Recurring metalinguistic moments like "Can you hear me?" or "Can you see me?" showed how technical uncertainty became publicly visible and part of the ritual interaction itself. For people with low confidence or limited familiarity with the platform, these moments were how they managed participation in emotionally sensitive settings. Designing them away would remove a coping mechanism, not fix a bug.
Cultural specificity shaped platform friction.
What counted as a "good" virtual ceremony varied dramatically across communities. Platform design choices that worked for one cultural context created friction for another. A universal interface was the wrong frame for this problem. For example, muting everyone by default works for a webinar but silences the collective prayer that makes certain rituals meaningful.
The evaluation was not about usability scores. It was about dignity.
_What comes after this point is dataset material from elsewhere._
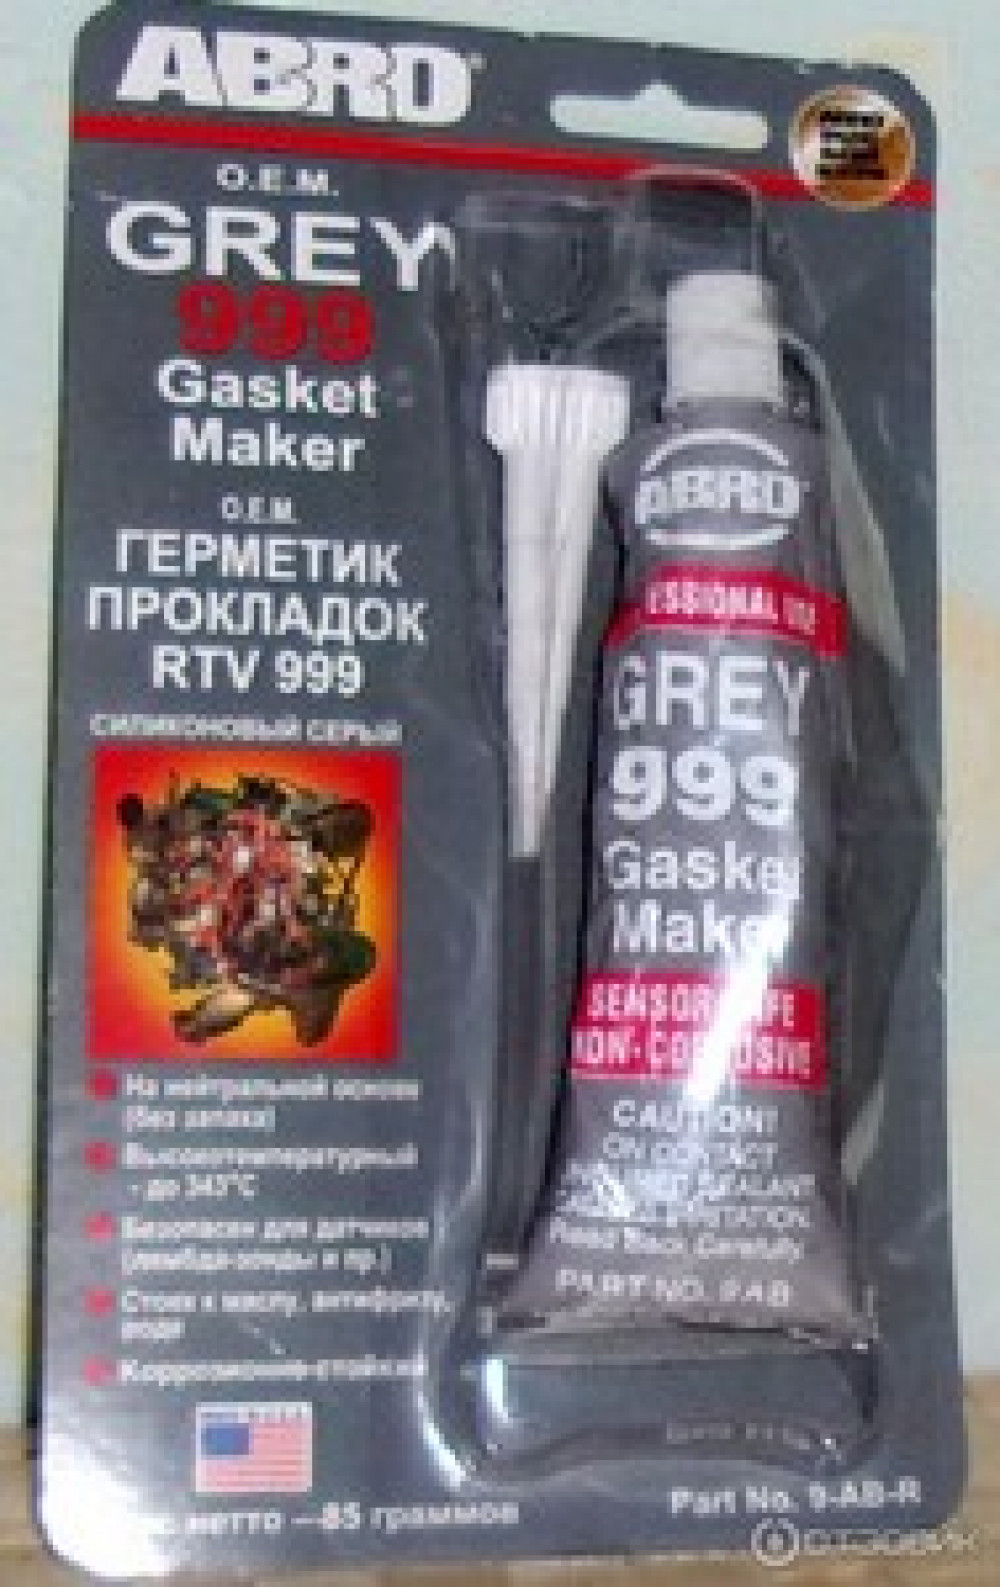 Какой герметик для прокладки. Герметик-прокладка серый abro 999. Герметик прокладок abro Grey 999 (85гр) 9ab. Герметик-прокладка серый (42гр) "abro". Герметик Абро 999 серый.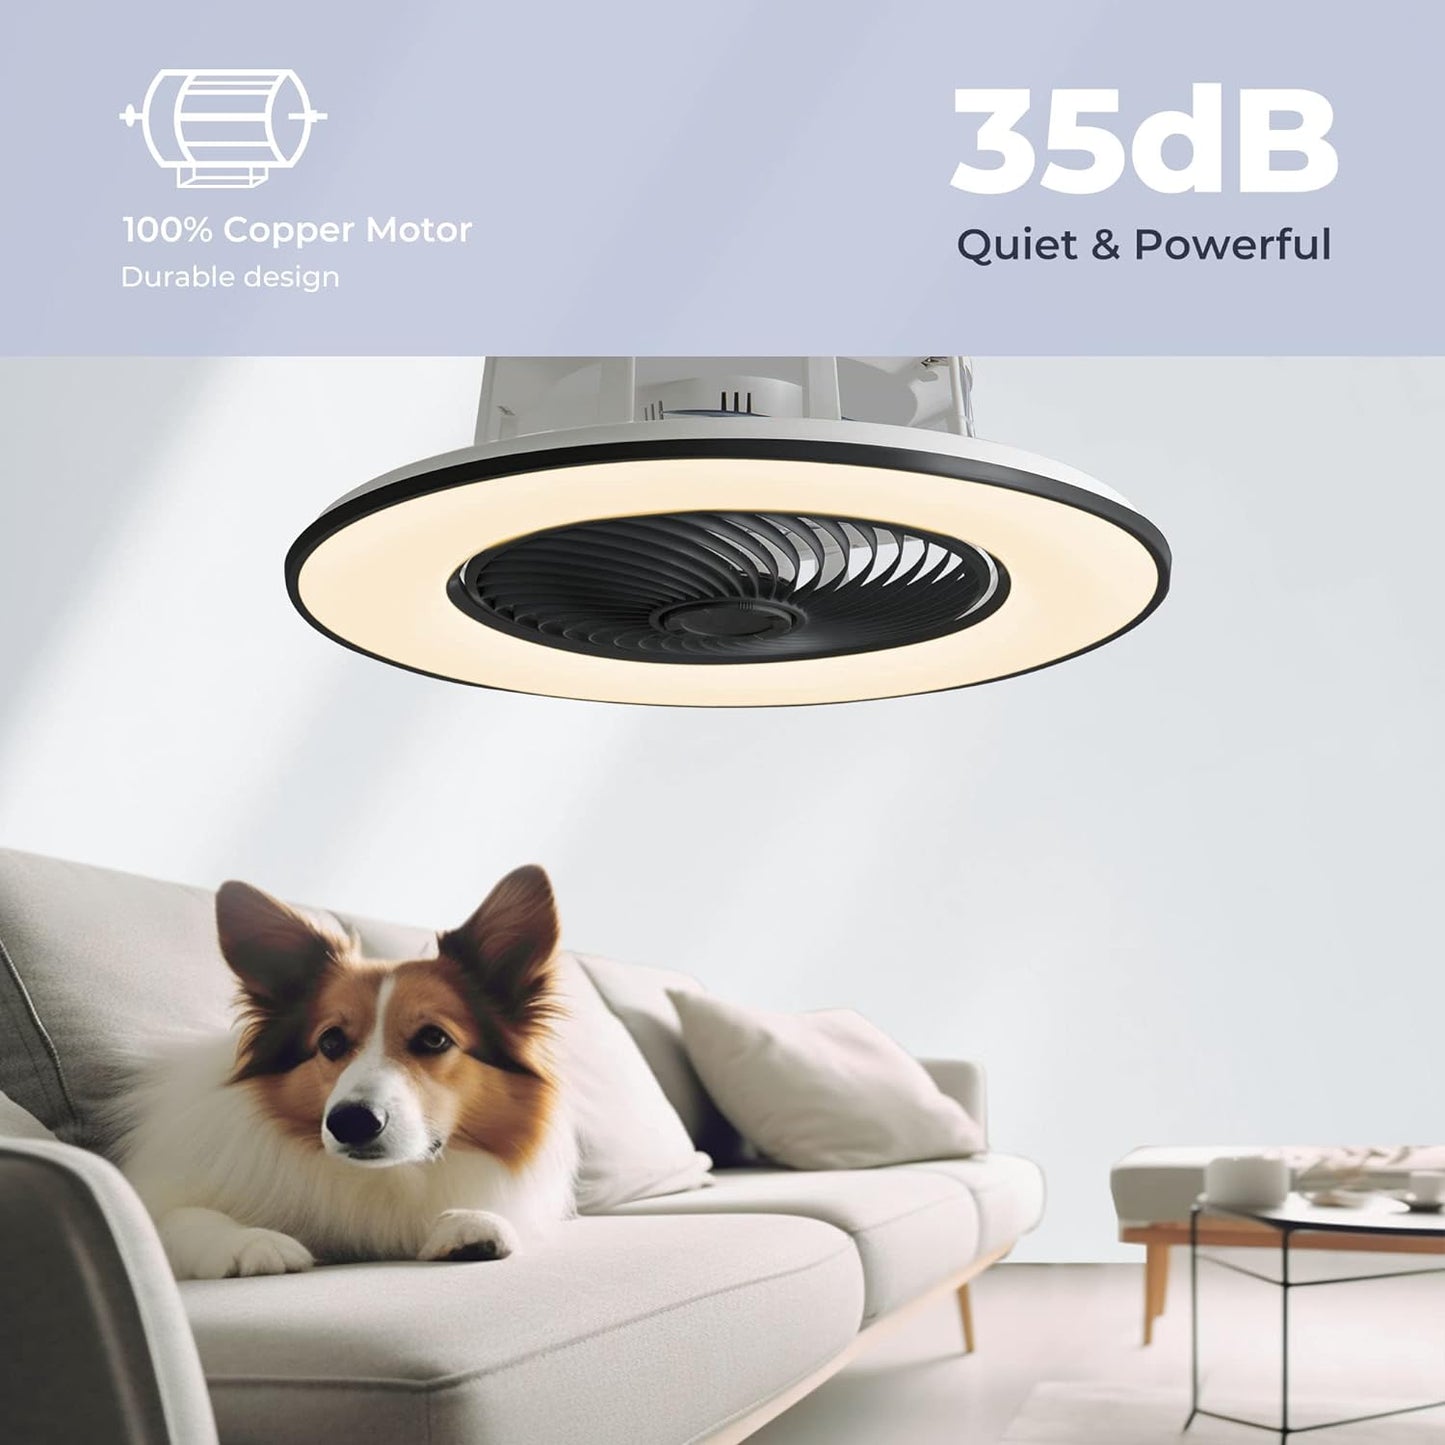 Plafondlamp RGB met ventilator - inclusief afstandsbediening & App

In these settings, good design was not about ease of use in the abstract. It was about whether the platform could support dignity, participation, and care in a high-stakes social moment. Standard heuristic frameworks needed to be supplemented with criteria around emotional safety, cultural appropriateness, and coordination under uncertainty.
Outputs
- Feature-level evaluative analysis of Zoom and Facebook as ritual platforms
- Cross-platform comparison of affordances for mourning and memorial participation
- Pain point and opportunity synthesis across five cultural communities
- Contributions to the Rituals in the Making project website and public-facing research outputs
- Diary study co-design with the research team
What I Would Do Differently
I would have pushed for a more structured handoff between the qualitative platform insights and the platform teams themselves. We generated strong feature-level analysis, but because the project was academically funded, there was no built-in channel to get those findings in front of Zoom or Facebook product teams. If I ran this again, I would build that stakeholder relationship from the start, framing the research in product language from day one, so the insights could travel beyond the academic paper.
I would also have formalised the heuristic evaluation into a more portable deliverable, something like a "high-stakes context" heuristic checklist that product teams could apply to their own features. The insights were there, but the packaging could have been more actionable for a non-academic audience.